For those of us who have forsworn canned beans in favor of the real thing, the unpredictability of dried beans' cooking time can turn a nourishing meal into a game of chance. Lentils or black-eyed peas are usually a safe bet, often done within an hour. Soaking beans overnight may shorten the cooking time a bit, but only if they have the potential for softening at all. And most any kind, from navy to kidney, can occasionally be recalcitrant.

Various culprits have been offered: salt, acidic additions such as vinegar, hard water. But there is only one relevant factor: the age of the bean. Unlike fresh vegetables, dried ones don't show their age, so you don't know whether you're buying a lively, nutritious foodstuff or a useless has-bean.

Out of caution, I often prepare bean dishes the day before or work out a backup scenario, such as pasta. But the best solution is to lay up a good winter's supply of beans I've grown myself the previous summer. I like to plant several different kinds for variety's sake -- say, black turtle beans, white cannellinis and some dark red Vermont cranberry beans, always saving some of the seeds to plant the next year. Beans are sown when the soil is good and warm, and it is not too late to put in a bed of them now. Pole beans, grown vertically, take up the least space, but for drying I often choose the bush type, whose pods ripen all at once rather than in a long succession.

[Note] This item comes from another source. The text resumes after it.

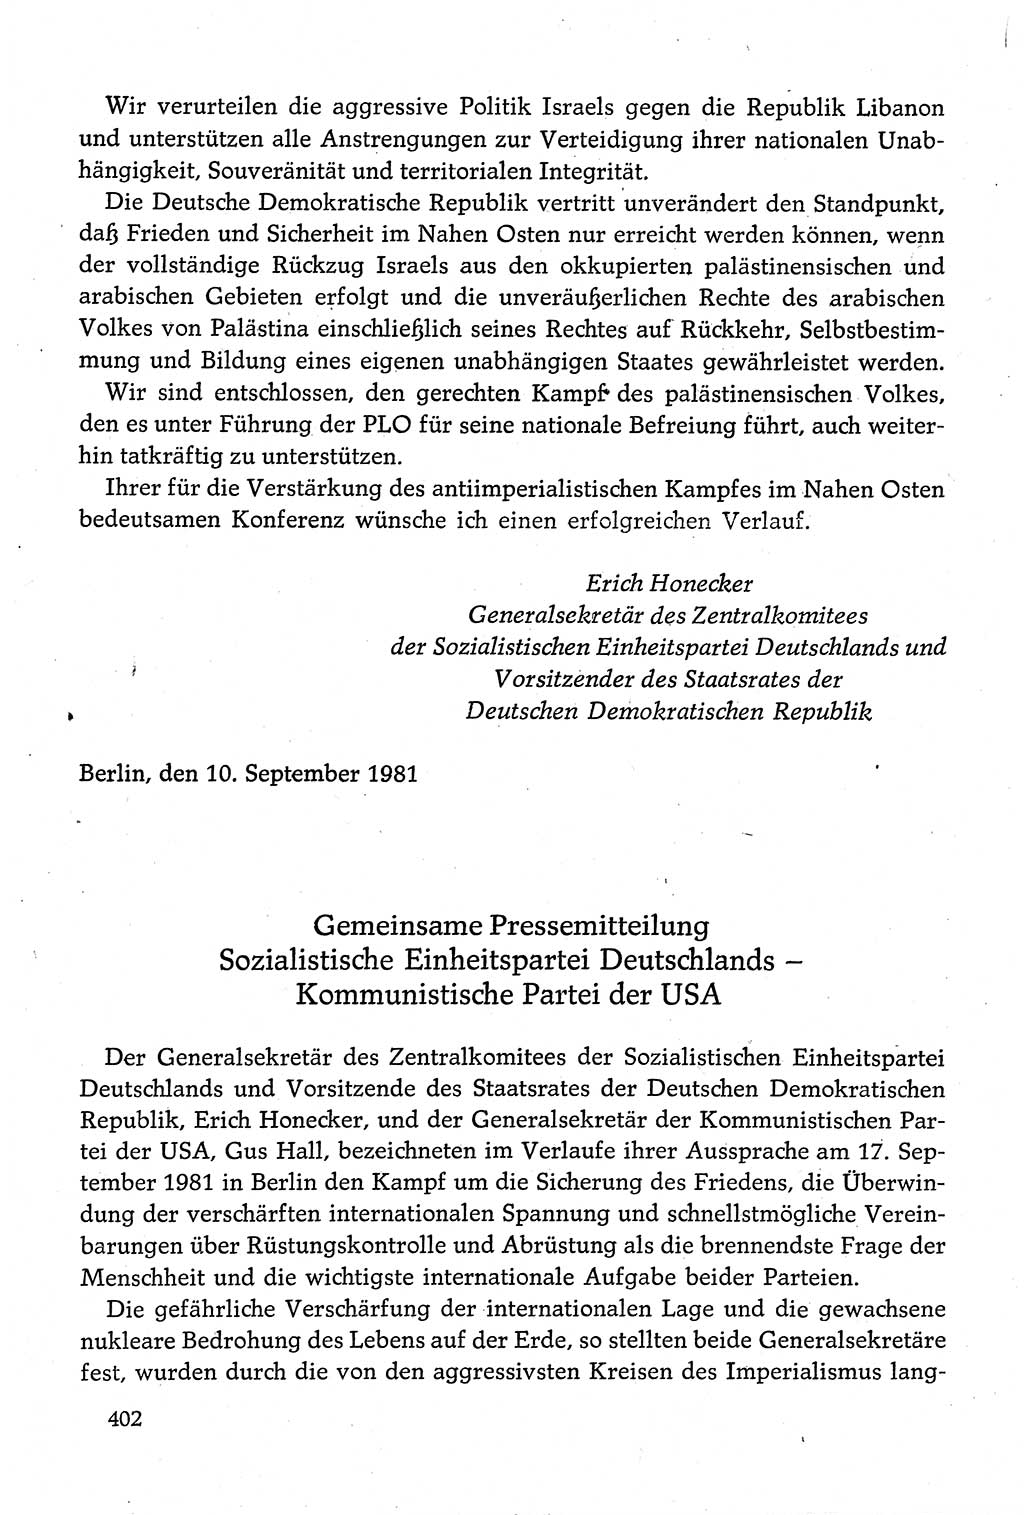 Dokumente der Sozialistischen Einheitspartei Deutschlands (SED) [Deutsche Demokratische Republik (DDR)] 1980-1981, Seite 402 (Dok. SED DDR 1980-1981, S. 402)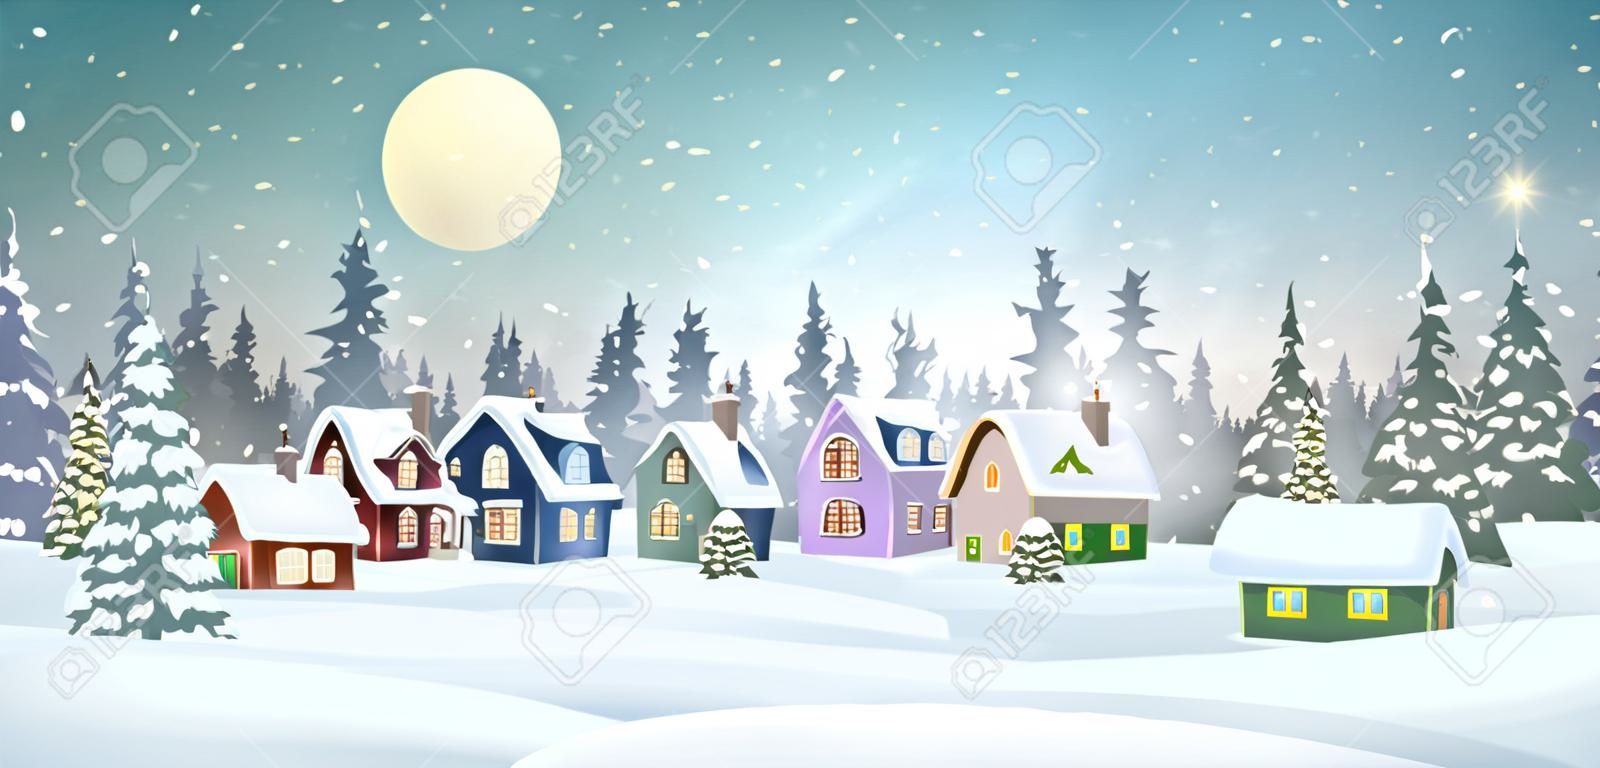 소나무 숲 크리스마스 휴일 벡터 일러스트 레이 션에 눈 덮힌 집들이 있는 겨울 마을 풍경

Dry beans are harvested when the pods are crisp and tan-colored. They can then be hung in clusters in an outbuilding, spread out on a table or stored in large baskets until there is no hint of moisture left. You can then put the pods in a feed sack (an old laundry bag will do) and stomp on them to release their seeds, which will collect at the bottom of the bag. Pouring them into a container or tossing them with your hands while a breeze (or a fan) is blowing will winnow out the last of the chaff. Store them in sealed jars in a cool place.

Though an extremely easy crop to grow, a year's supply of beans does require a lot of garden space -- at least 100 feet of garden row -- and I find there are never quite enough of them. Just as well. Those not eaten might find their way into some dark corner of the cupboard, to be fished out hastily some day long hence, too old and stubborn for a good soup.